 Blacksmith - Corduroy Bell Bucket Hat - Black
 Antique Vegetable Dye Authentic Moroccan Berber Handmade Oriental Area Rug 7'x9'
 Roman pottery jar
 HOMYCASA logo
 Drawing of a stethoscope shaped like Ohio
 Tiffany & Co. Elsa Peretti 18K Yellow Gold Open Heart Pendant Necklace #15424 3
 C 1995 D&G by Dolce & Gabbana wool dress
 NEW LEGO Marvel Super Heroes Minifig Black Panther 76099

____________________

What the task requires: Output exactly what runs from the line with "Drawing of a stethoscope shaped like Ohio" to the final line above, both lines included, and nothing else.

Your solution:
 Drawing of a stethoscope shaped like Ohio
 Tiffany & Co. Elsa Peretti 18K Yellow Gold Open Heart Pendant Necklace #15424 3
 C 1995 D&G by Dolce & Gabbana wool dress
 NEW LEGO Marvel Super Heroes Minifig Black Panther 76099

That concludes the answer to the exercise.